Strong wind brings down trees, power lines

Thursday, April 9, 2020
Debris from a downed tree is spread over the roadway by 1113 Avenue D Thursday morning following Wednesday’s storm. It knocked out power in the area.
Banner Graphic/Jared Jernagan

Emergency personnel kept busy clearing debris from the roads after a heavy storm rolled through Putnam County Wednesday evening.

High wind that accompanied it led to damages and impeded routes throughout the area.

Putnam County Dispatch told the Banner Graphic Thursday morning that it had documented 21 incidents related to the storm.
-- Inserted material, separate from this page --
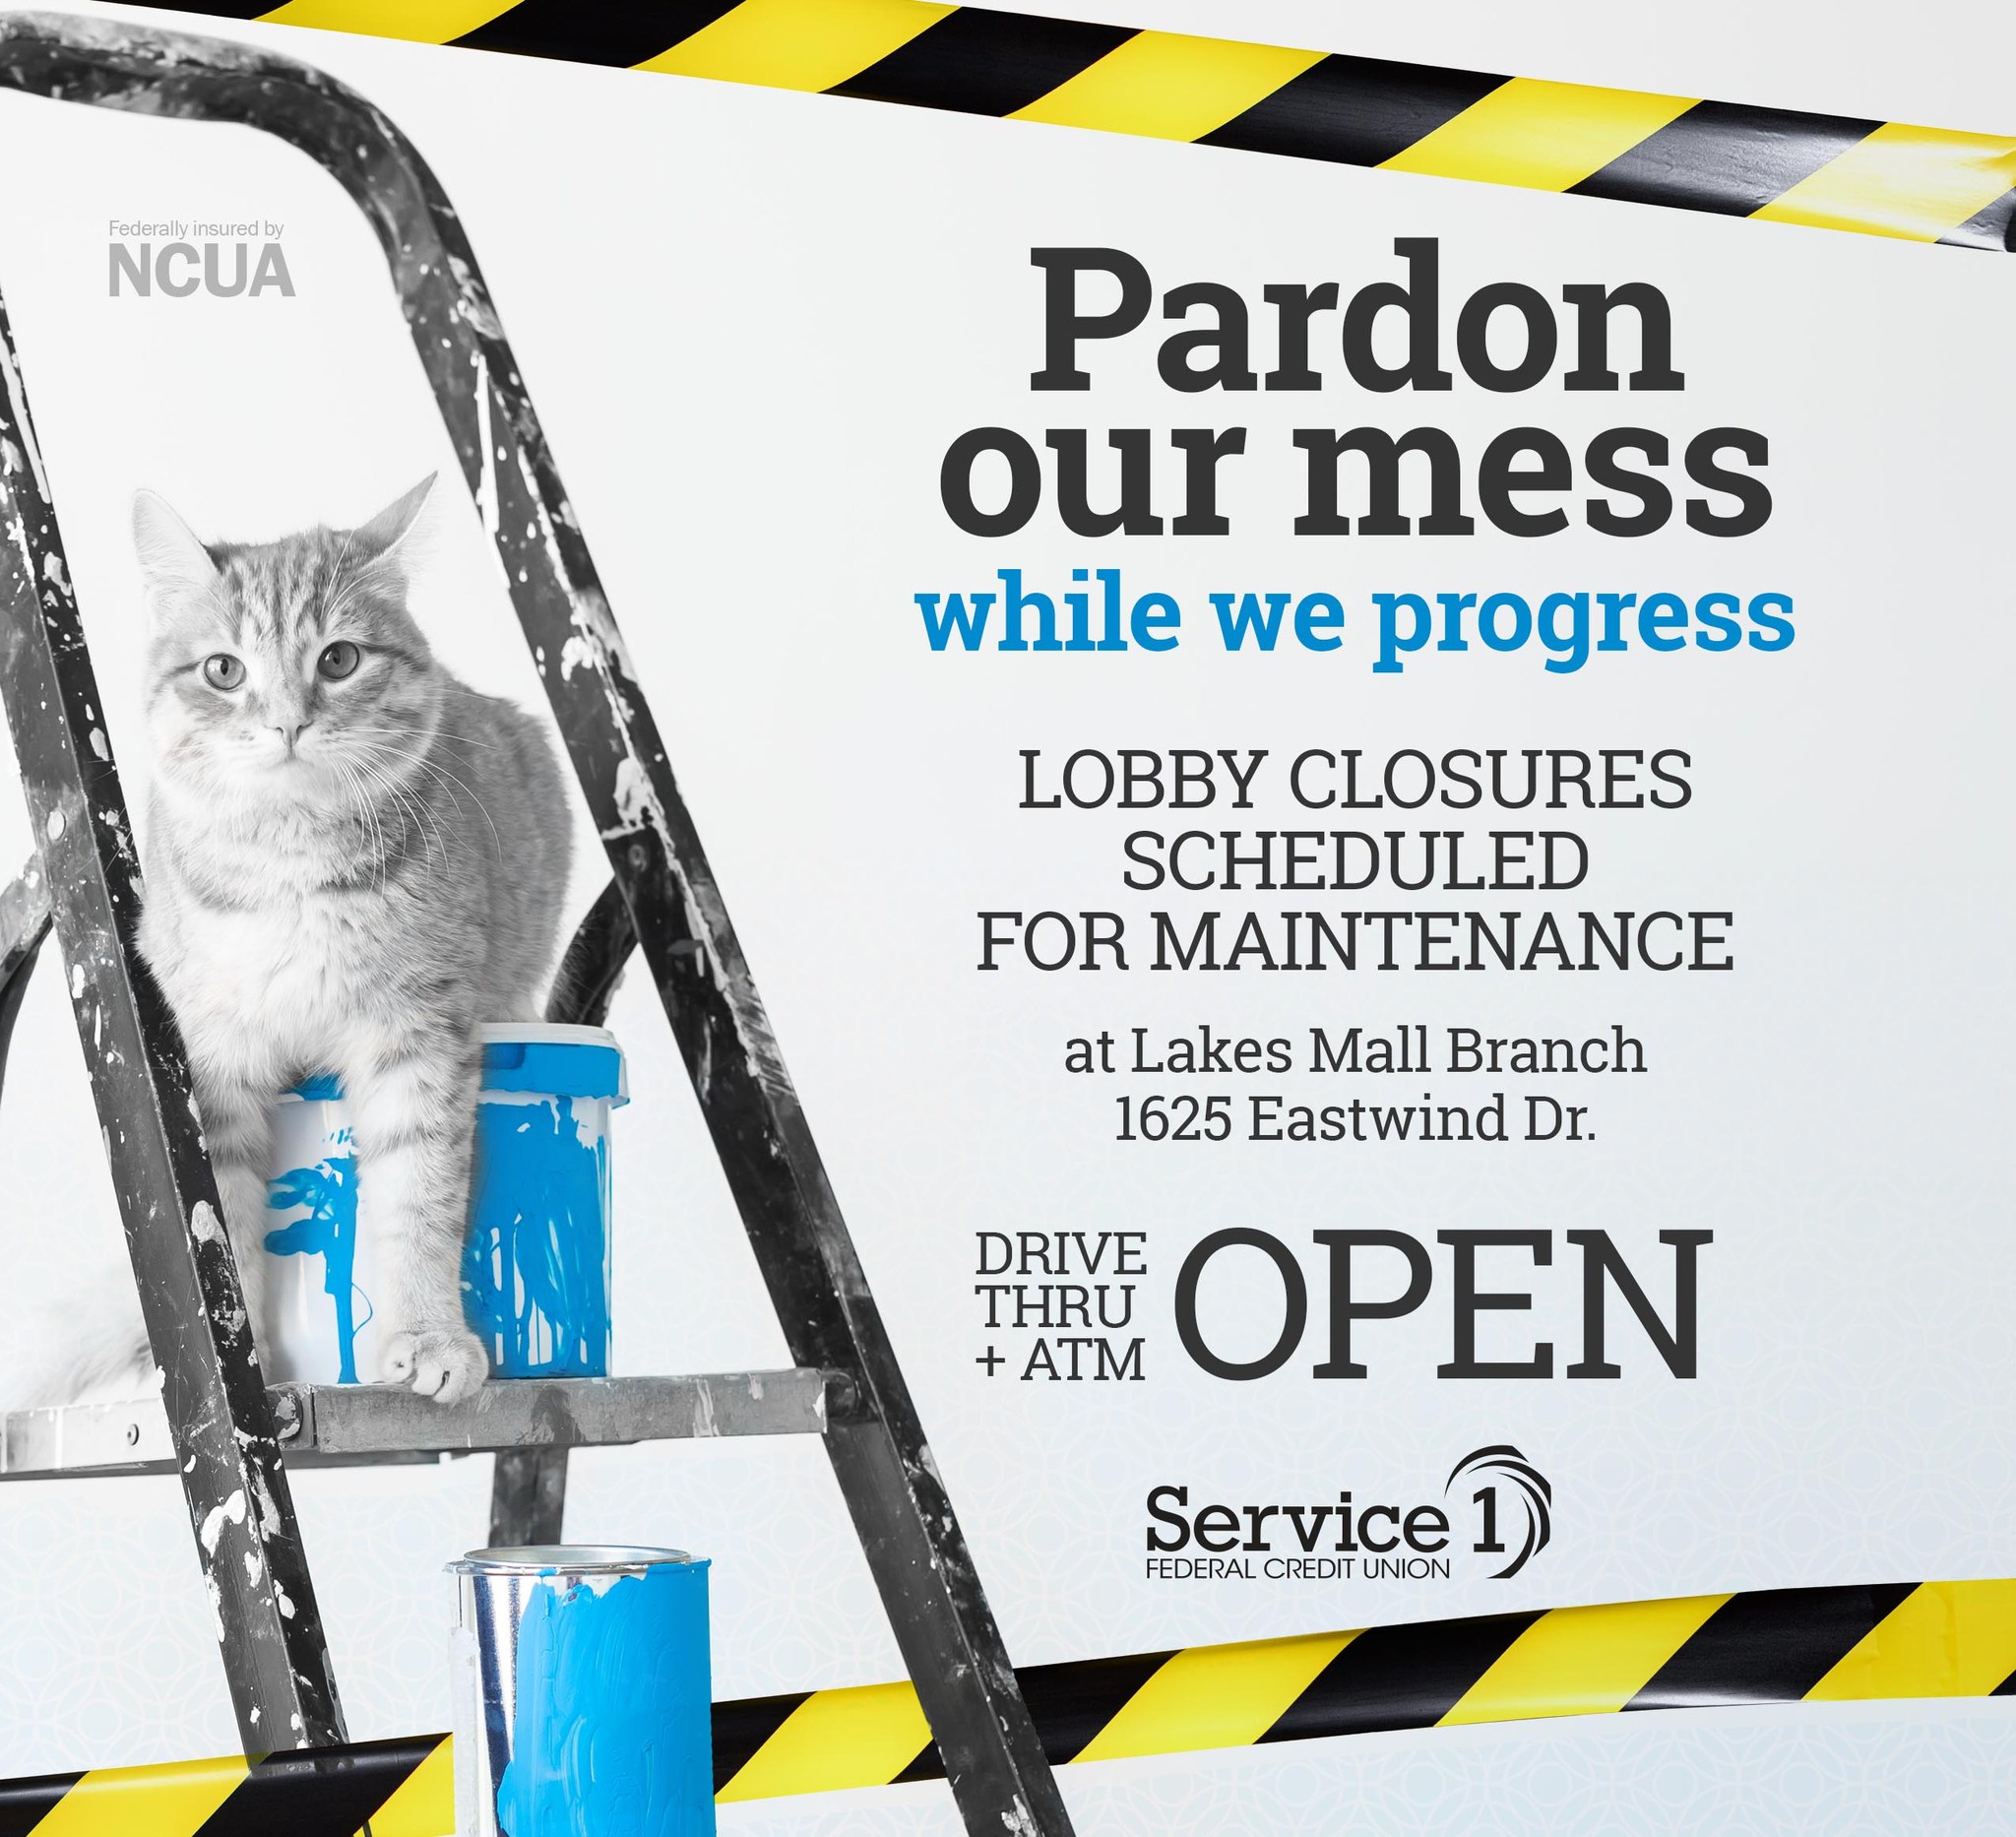 cat on ladder with caution tape and headline "pardon our mess"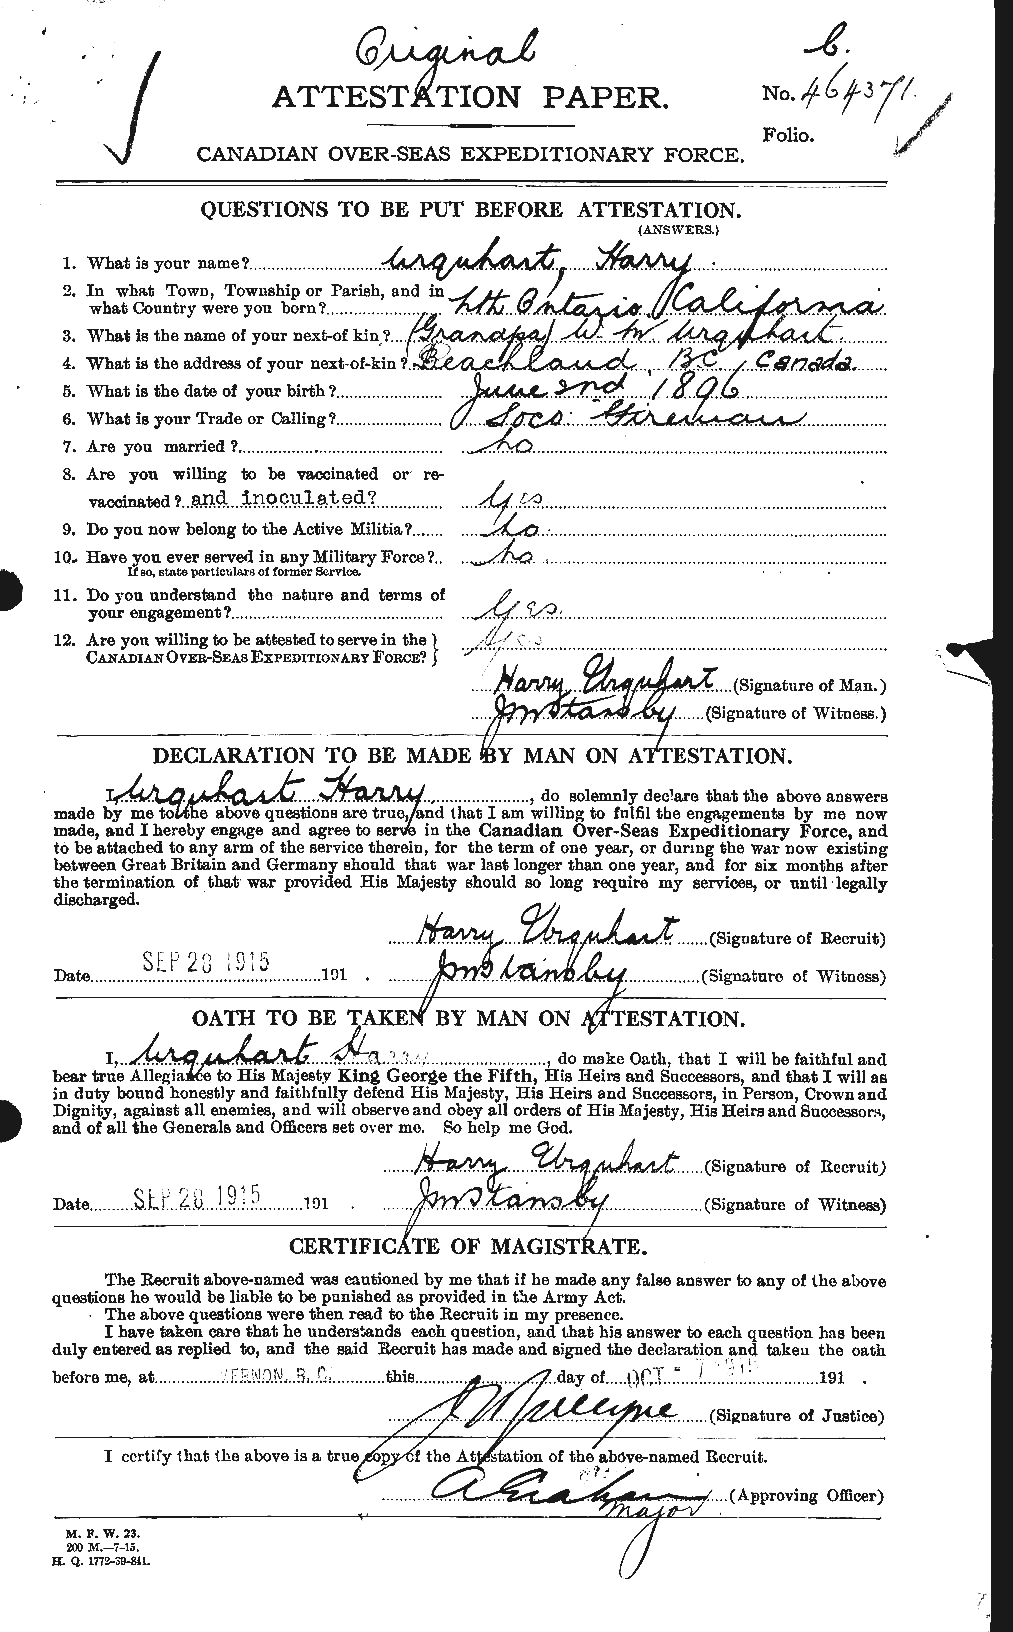 Personnel Records of the First World War - CEF 643341a

It was provided the majority of calls were sent from within a five-mile radius of Greencastle.

Power was knocked out to homeowners in the eastern part of Avenue D after a large tree split and brought down power lines. Debris was spread out over the roadway.

A motorist driving on Manhattan Road ran into a downed tree during the storm. The accident temporarily closed down the road.
Courtesy Putnam County Sheriff’s Department

At approximately 11:30 p.m., the Putnam County Sheriff’s Department responded to an incident on Manhattan Road where a motorist ran into a fallen tree. The driver sustained no injuries, but the road was closed at the 5000 block for at least an hour.

In the northern part of the county, the Roachdale Police Department reported at about the same time that power lines were down in the areas of Washington and Rush streets, as well as Railroad and Spring streets.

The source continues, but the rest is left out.